Сама по себе философия — это, конечно, не учебник творчества, но она дает почву и ориентиры. Представь себе: ты идешь по лесу, дорога кончилась, налево непроходимый бурелом, направо болото. Но у тебя есть карта, поэтому ты знаешь, что в каком-то направлении двигаться бессмысленно, в каком-то опасно, в каком-то безнадежно, а вот тут твои нелегкие усилия скорее всего будут вознаграждены. Понятно, о чем я говорю?
Так что вполне закономерно сложилась традиция включать курс философии в программу подготовки специалистов высшей квалификации. Это было и есть и у нас, и за рубежом, потому что диктуется не конъюнктурными установками министерства образования, а законами мышления. Другое дело — какая философия при этом используется. В советские времена у нас на всех факультетах всех вузов изучали диалектический и исторический материализм, “диамат” и “истмат”, они же были включены в программу подготовки аспирантов всех специальностей; экзамен по “диамату и истмату” — марксистско-ленинской философии — входил в кандидатский минимум для соискателей ученых степеней всех специальностей…
— Но как раз по этому поводу в ходу была шутка: сдал и себе ничего не оставил. “Диамат” (не говоря уж об “истмате”), по-моему, не пользовался популярностью ни у студентов, ни у аспирантов; учили его нехотя, а, сдав экзамен, с радостью забывали. Другие же философские учения “проходили” только во вступительной части курса, которая, помнится, называлась “Историко-философским введением” и призвана была показать, как вся мировая философская мысль с момента своего зарождения двигалась к “вершине”, к этому самому “диамату”. Я, конечно, не говорю о философском факультете, там — другое дело.
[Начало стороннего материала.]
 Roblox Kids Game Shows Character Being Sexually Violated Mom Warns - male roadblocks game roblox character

Кажется, порой курс истории философии читался еще на историческом, на филологическом факультетах, но это не меняет общей картины.
— Тут ты прав лишь отчасти. Об “истмате” говорить не буду, потому что статус этой дисциплины, трактовавшейся как распространение принципов диалектического материализма на область общественных явлений, вызывал сомнения и споры и в советские времена. Не стану особо защищать и “диамат” — в нем было сильно догматическое начало, он выполнял не только мировоззренческую функцию, но (и даже более того) идеологическую, политическую. Студенты не могли этого не почувствовать, даже если занятия вел знающий и мыслящий преподаватель, а такие у нас всегда были.
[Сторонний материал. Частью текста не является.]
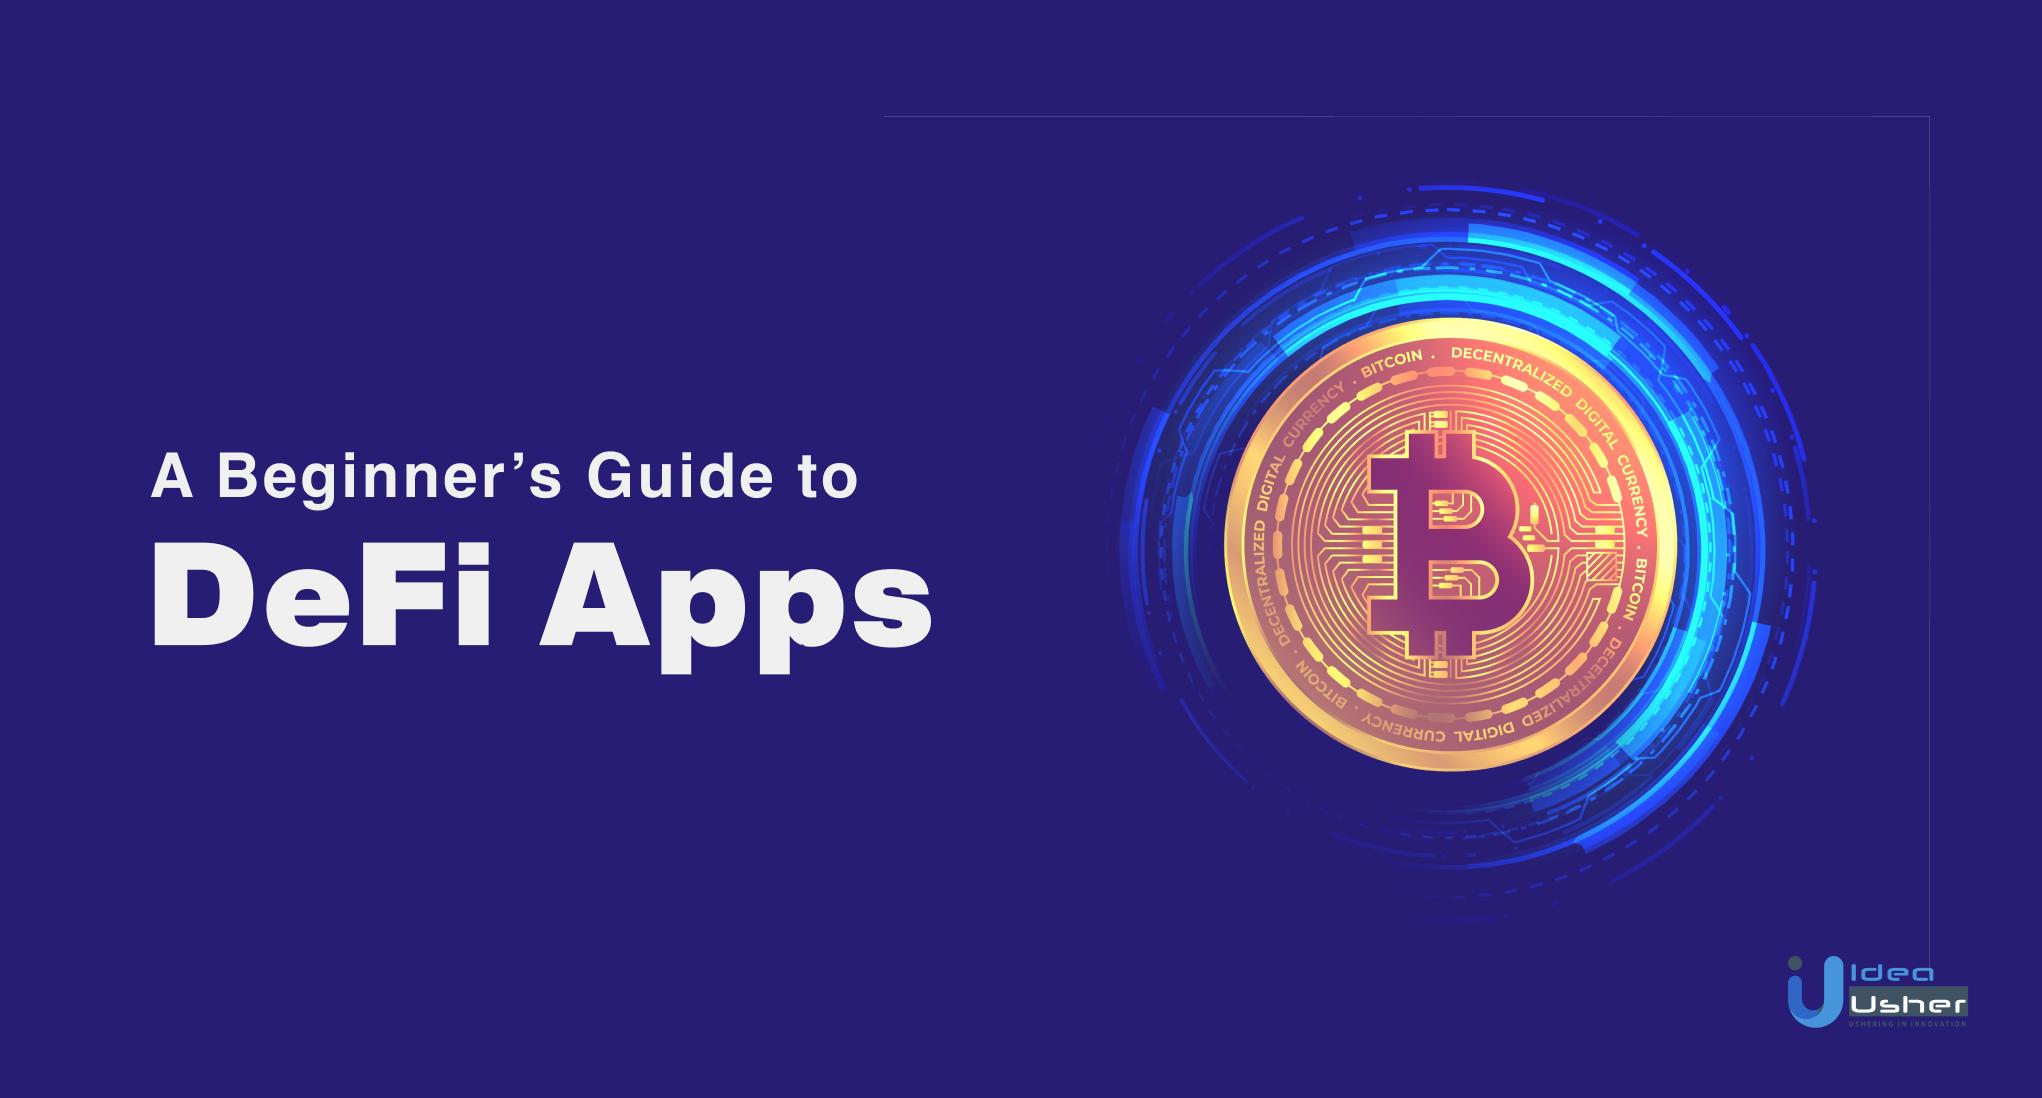 A Beginner's Guide To DeFi Apps

Но такова уж закономерность педагогического процесса, что пройденный даже формально, “сданный” и забытый курс все же оставляет след в душе учащегося, а главное — служит чем-то вроде строительных лесов в процессе формирования интеллекта. Леса убрали, а человек, умеющий соображать, — вот он. Вспомни, как в общеобразовательной школе “проходят” физику, химию, историю и т.д.: по окончании учебы разве что единицы из класса продолжают свое образование, опираясь на один какой-то школьный предмет, но при этом они постепенно забывают почти все остальные: не понадобились. Так можно ли на этом основании сделать вывод, что остальные предметы не следовало включать в школьную программу? Это, опять-таки, философский вопрос…
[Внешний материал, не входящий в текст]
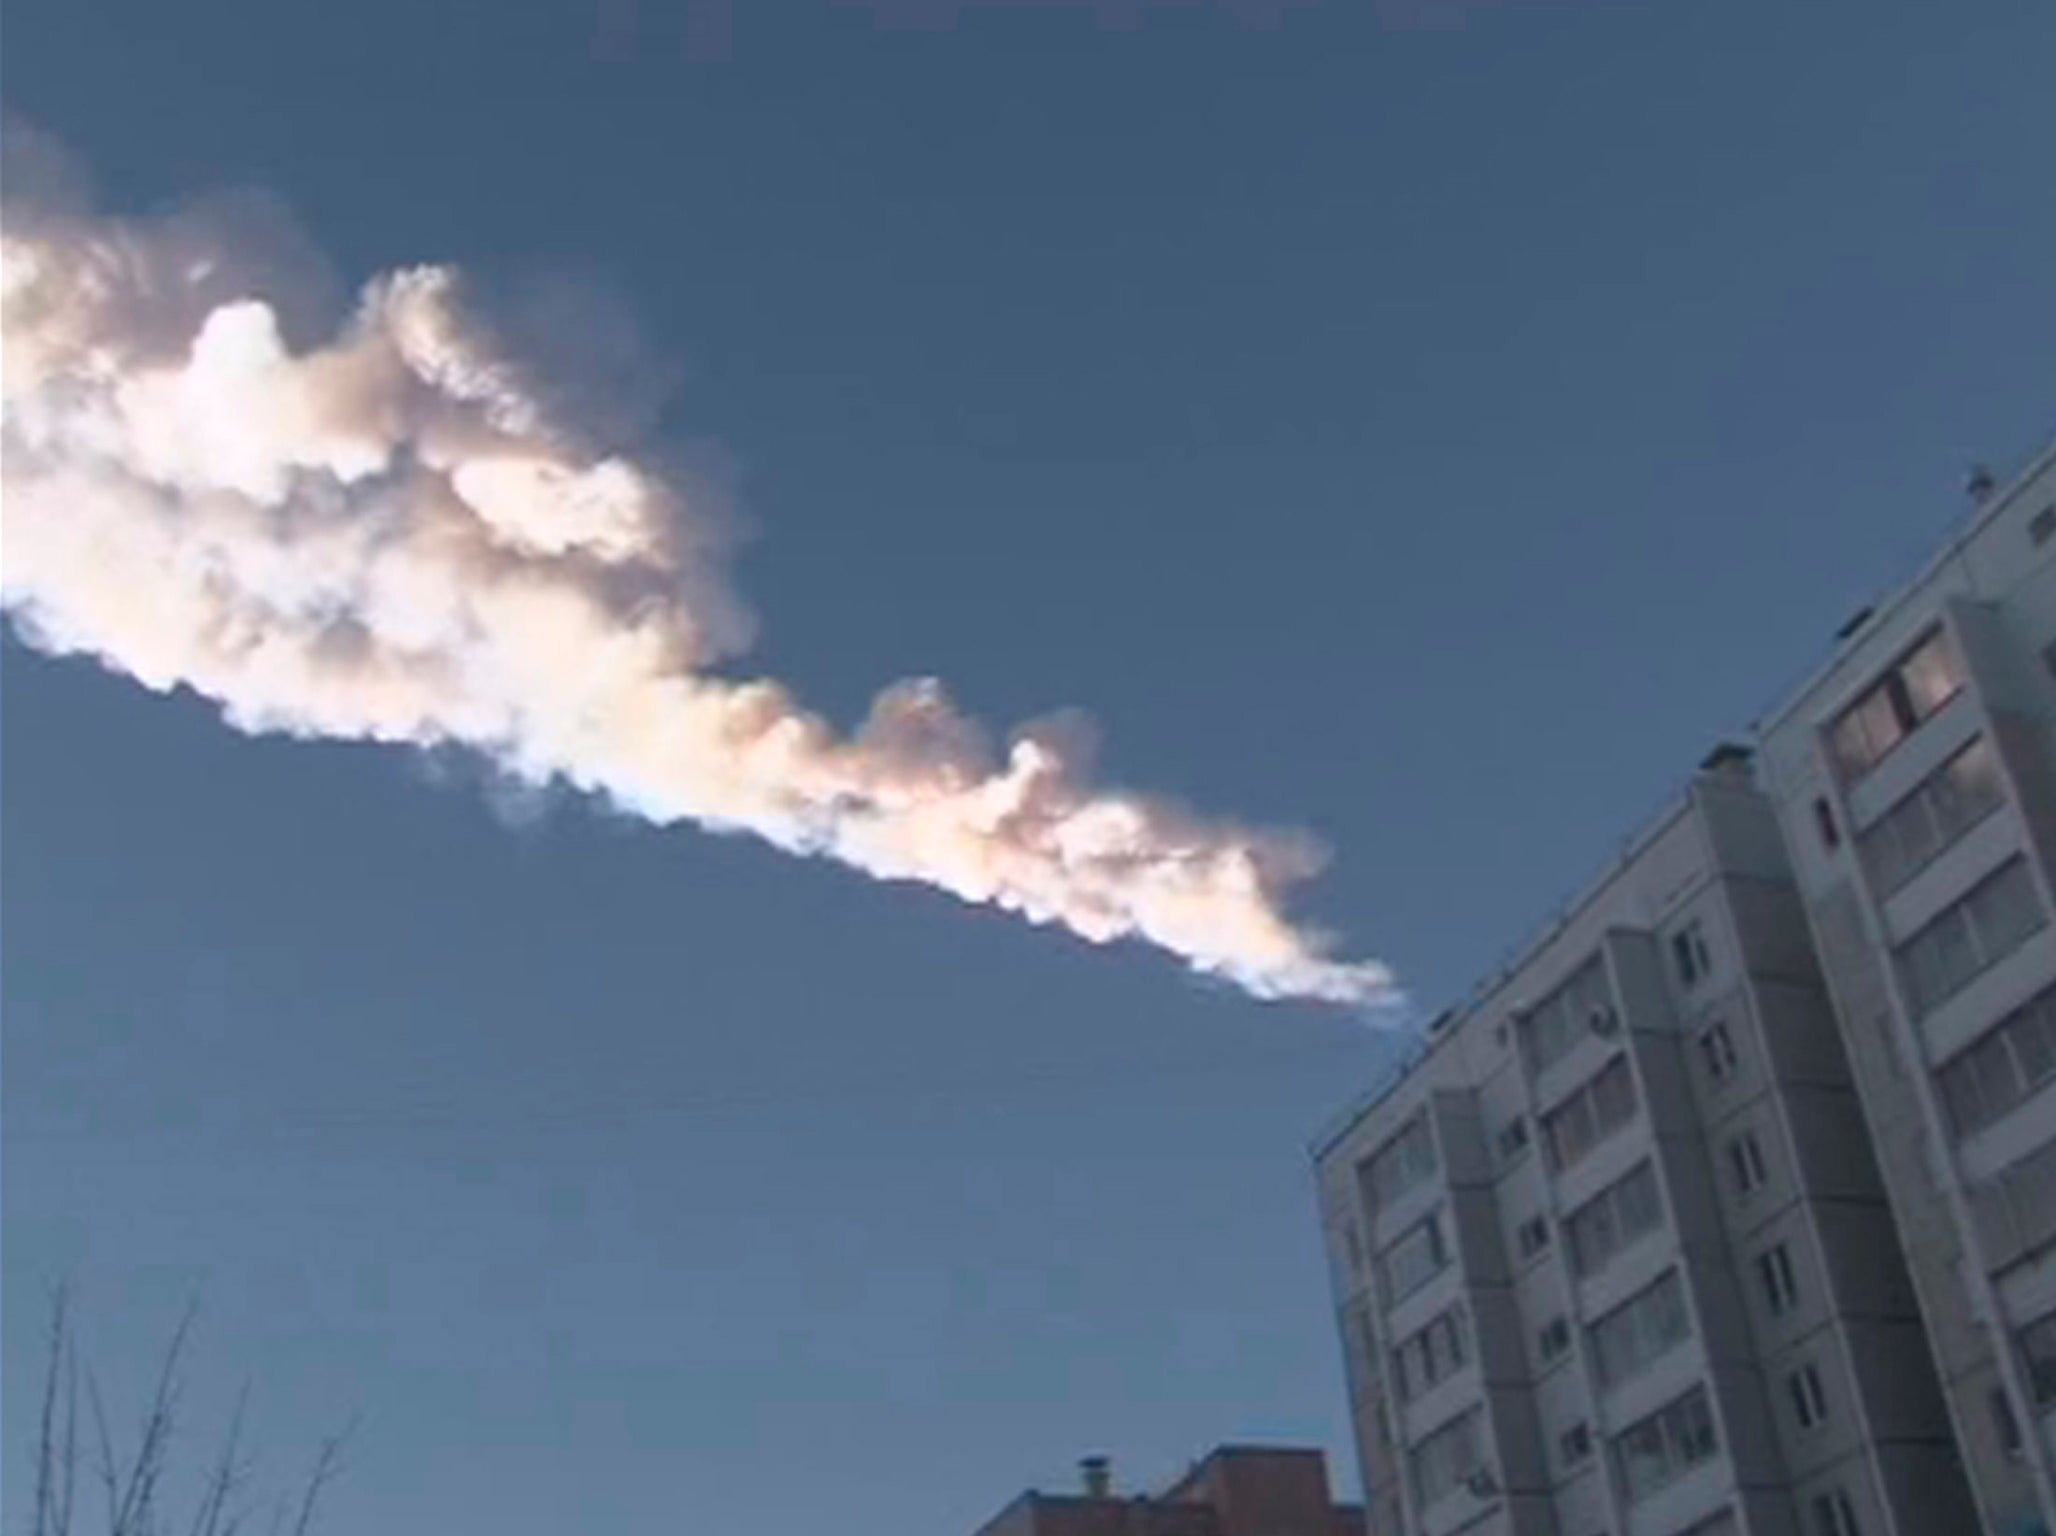 The trail of a falling object is seen above a residential apartment block in the Urals city of Chelyabinsk, in this still image taken from video shot on February 15, 2013

Теперь “диамат” как обязательную для изучения дисциплину упразднили. Это понятно: если не сам он, то уж его преподавание в вузах точно рассматривалось как важный момент идеологического укрепления демонтированного нынче государственного строя. Упразднить-то упразднили, но получилось по Щедрину: я, дескать, понимаю, что мужика пороть гнусно, но что взамен? Философская подготовка необходима — ее и оставили, но отведенное на нее учебное время заполнили эклектической окрошкой, которая помогает формированию интеллекта еще меньше, чем пресловутый “диамат”. Тот хоть, при всех своих догматических перегибах, формировал трезвое, ответственное отношение к научной методологии. Можно сказать и грубее: держал мысль в узде. А нынче “плюрализм”, доведенный до абсурда, создал иллюзию, что методология — это и вовсе какой-то утративший смысл рудимент. Это особенно заметно, когда читаешь диссертации. От диссертанта по-прежнему требуется написать о методологии своего исследования, так чего только не пишут! Один ссылается на Флоренского, другой на Розанова, третий на Господа Бога… Дело не в том, на кого ссылаются, а в том, что ссылка эта, как правило, сугубо декоративна. Руководитель сказал: надо, вот он, диссертант, и написал, что знает, о философе, читать и почитать которого сегодня считается хорошим тоном. А чем ему этот Флоренский или Розанов помог — Бог весть.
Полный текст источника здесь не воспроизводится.